To be clear, the Summit’s co-facilitators, Germany and Namibia, are in an unenviable position, having to balance the demands of states that want the process to be purely intergovernmental and others that see value in civil society’s engagement. Some don’t see any role for civil society: in February, a handful of states led by Belarus sent a letter to the Special Committee on the UN Charter questioning the legitimacy of civil society organisations. If their demands were acceded to, the UN would miss the innovation and reach that civil society participation brings to the table.

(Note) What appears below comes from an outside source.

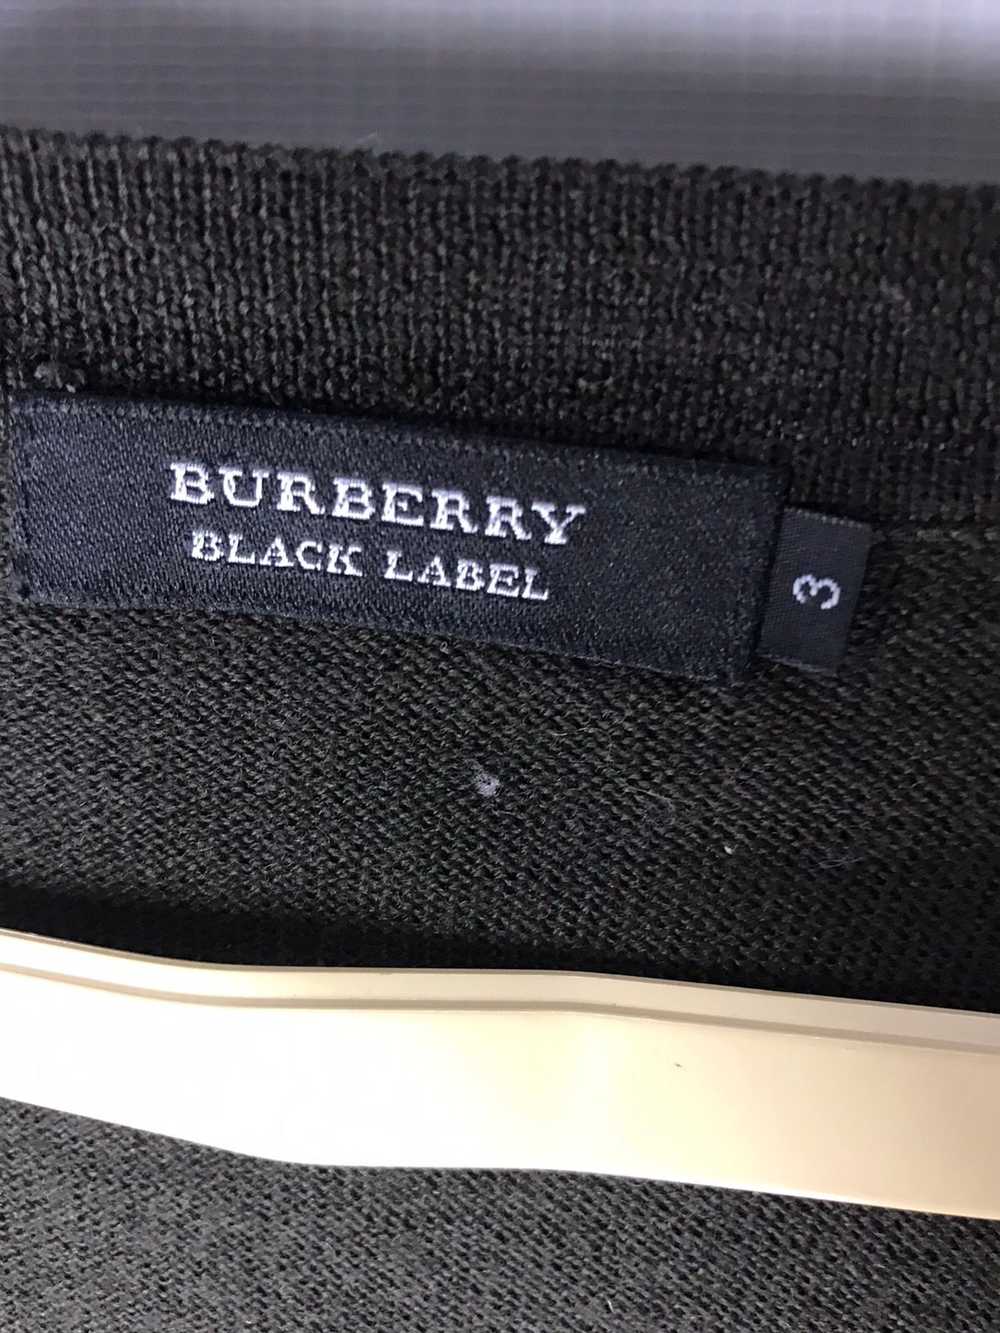 Burberry Burberry Black Label Knit Cardigan - image 3

Next month, the UN is hosting a major civil society conference in Nairobi with the aim of providing a platform for civil society to contribute ideas to the Summit of the Future. But, with barely a month between the selection of applicants and the hosting of the conference, it remains to be seen how many civil society representatives, particularly from smaller organisations in the global south, will be able to make it.

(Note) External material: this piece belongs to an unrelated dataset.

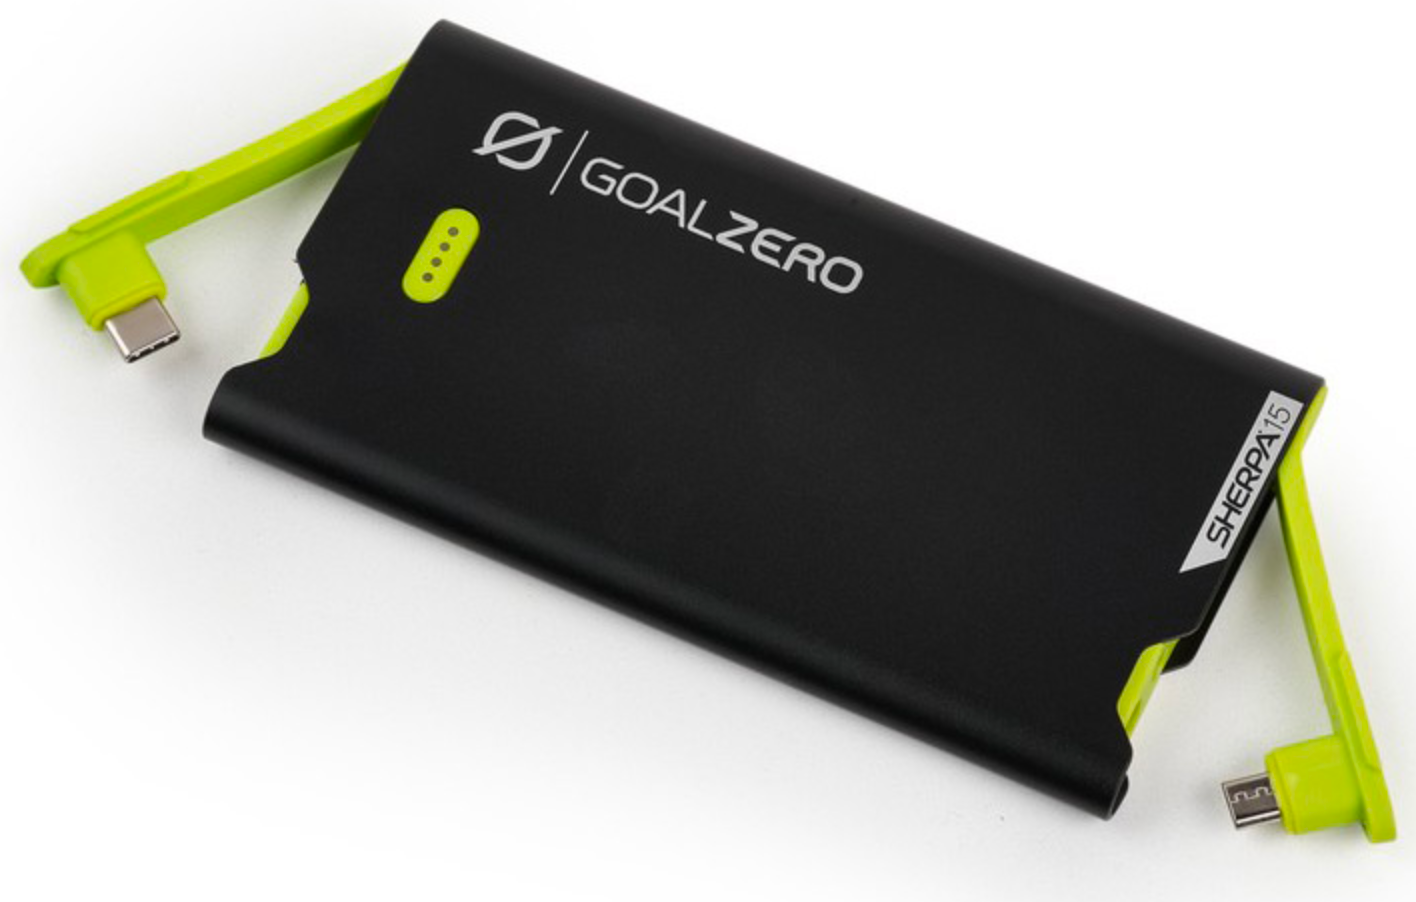 Goal Zero Sherpa 15 Micro/USB-C Battery

There remains a need for the UN to take on board the Unmute Civil Society recommendations, which include a call for the appointment of a civil society envoy. Such an envoy could drive the UN’s outreach to civil society beyond its hubs. With many finding the institution remote, an envoy could champion better and more consistent participation of people and civil society across the UN’s sprawling agencies and offices. So far, civil society engagement with the UN remains deeply uneven and dependent on the culture and leadership of various UN departments and forums.

The Summit can only benefit from civil society engagement if it’s to achieve it aims, particularly as many conflicts are raging around the world, including in Gaza, Myanmar, Sudan, Ukraine and elsewhere. Many of civil society’s reform ideas are included in the UN Secretary-General’s New Agenda for Peace, which will be deliberated at the Summit, including nuclear disarmament, strengthening preventative diplomacy and prioritising women’s participation in peace efforts.

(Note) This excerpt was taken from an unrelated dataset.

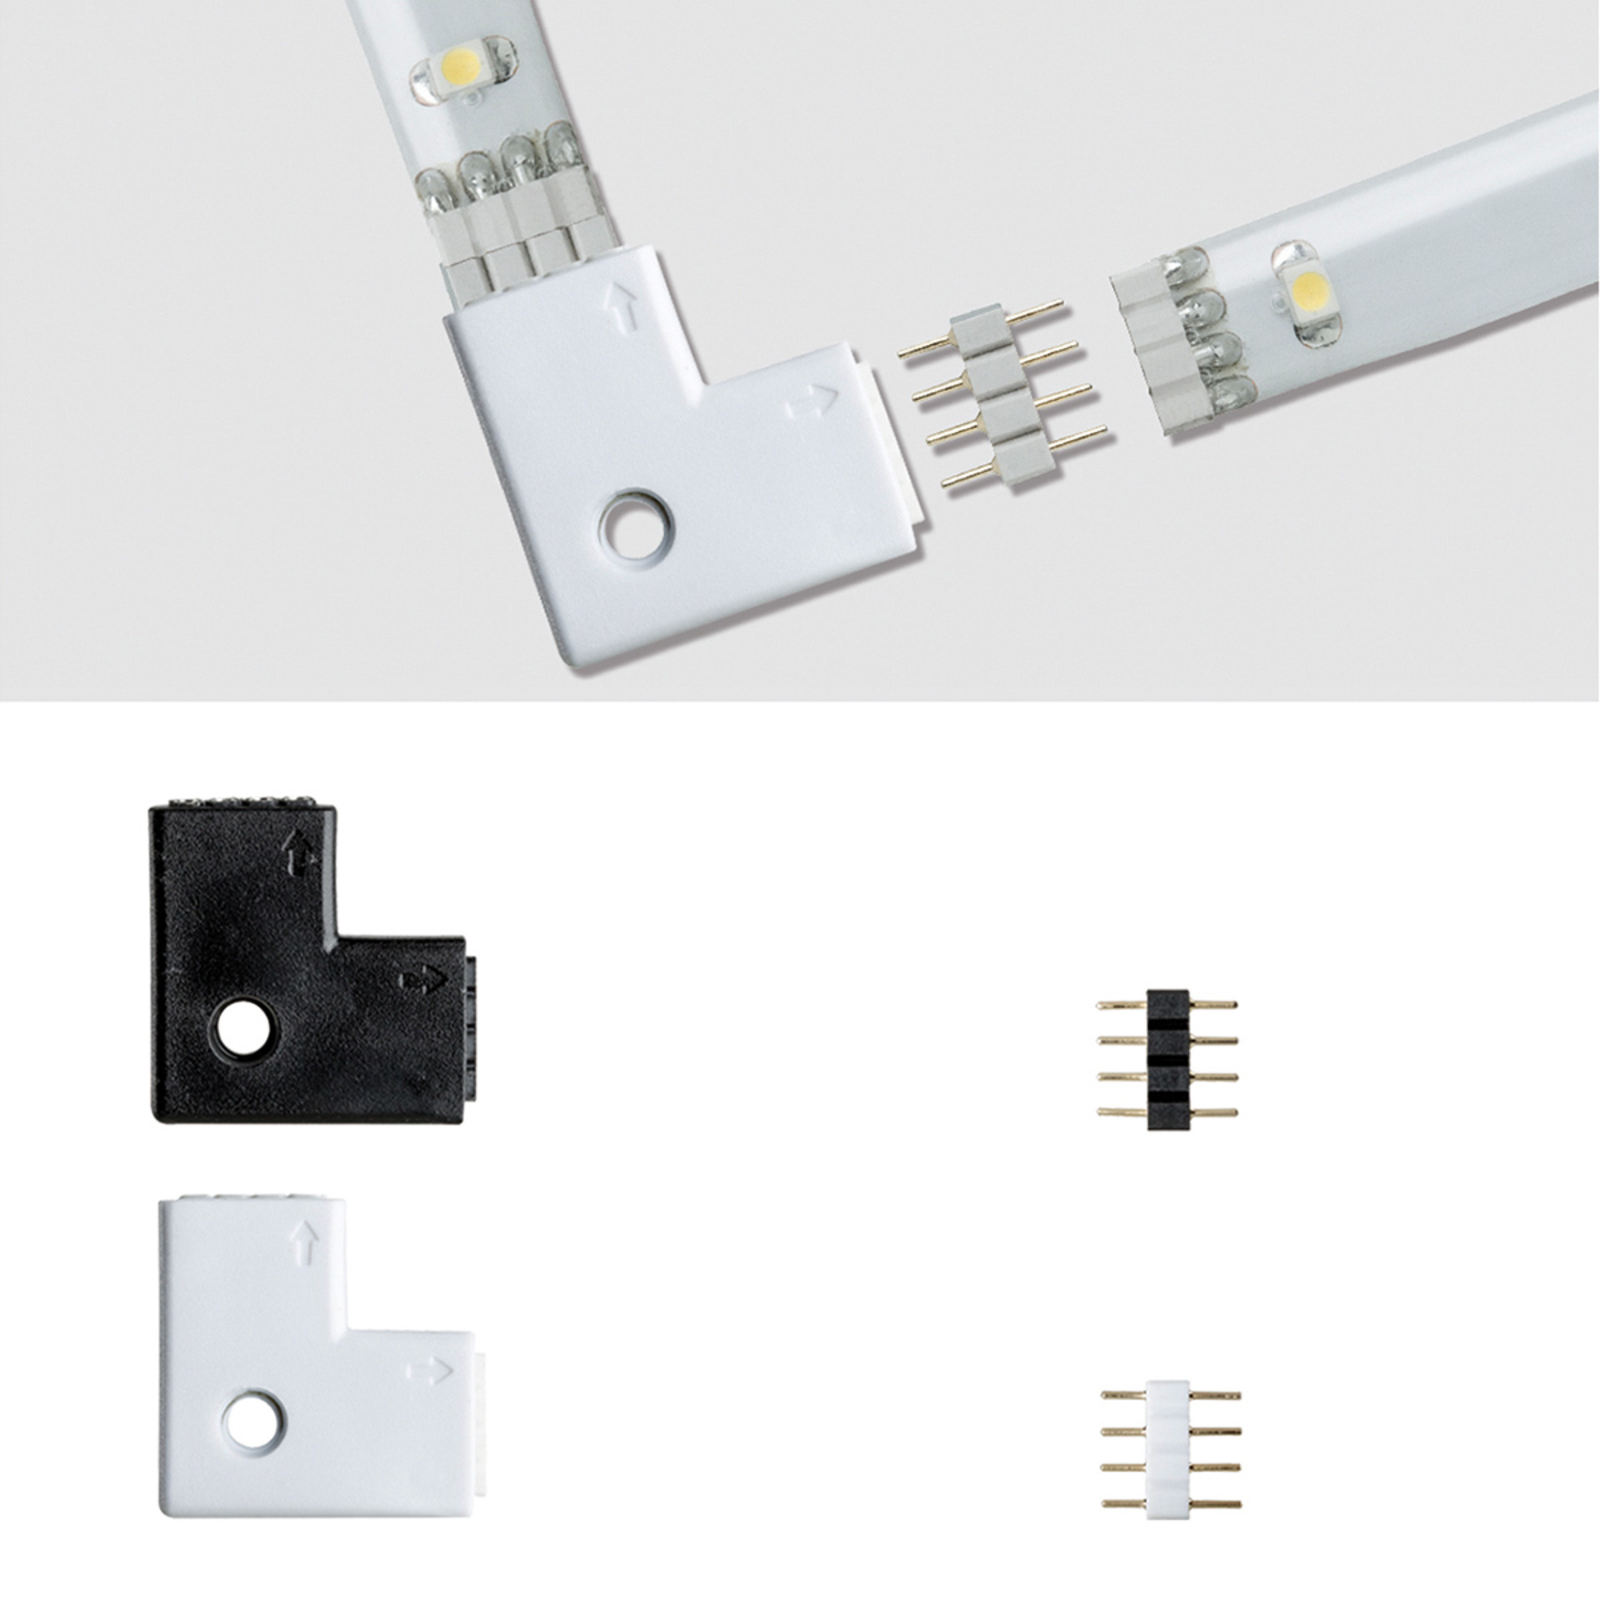 Set of 4 corner connectors for Caja strip system

There’s also an urgent need to address the soaring levels of debt many global south countries face, which is diverting public spending away from essential services and social protections into debt servicing. Civil society backs efforts such as the Bridgetown Initiative to secure commitments from wealthy countries on debt restructuring and debt cancellation for those countries facing a repayment crisis. But civil society needs to be included to help shape plans, because if financing for development negotiations don’t include guarantees for civic space and civil society participation there’s no way of ensuring that public funds benefit people in need. Instead, autocratic regimes could use them to shore up repressive state apparatuses and networks of corruption and patronage.

Civil society further calls for reforms in the international financial architecture. These include demands to bring decisions by the G20 group of powerful economies into the ambit of the UN’s accountability framework, and to equitably distribute shares and decision-making at the International Monetary Fund and World Bank, presently controlled by a few highly industrialised countries.

But it’s unclear how many of civil society’s transformative proposals for global governance reforms will end up in the final outcomes of the Summit of the Future. So far, there’s been limited transparency in relation to UN member state negotiations, records and compilation texts, despite civil society having shown its commitment by making over 400 written submissions to the Pact for the Future process.

Troublingly, few governments have consulted nationally with civil society groups on their positions for the Summit of the Future negotiations. If these trends continue, the international community will miss a key chance to make life better for future generations. It isn’t too late to robustly include people and civil society in the process. The aims of the Summit are too important.

Mandeep S. Tiwana is CIVICUS Chief Officer for Evidence and Engagement and representative to the UN in New York.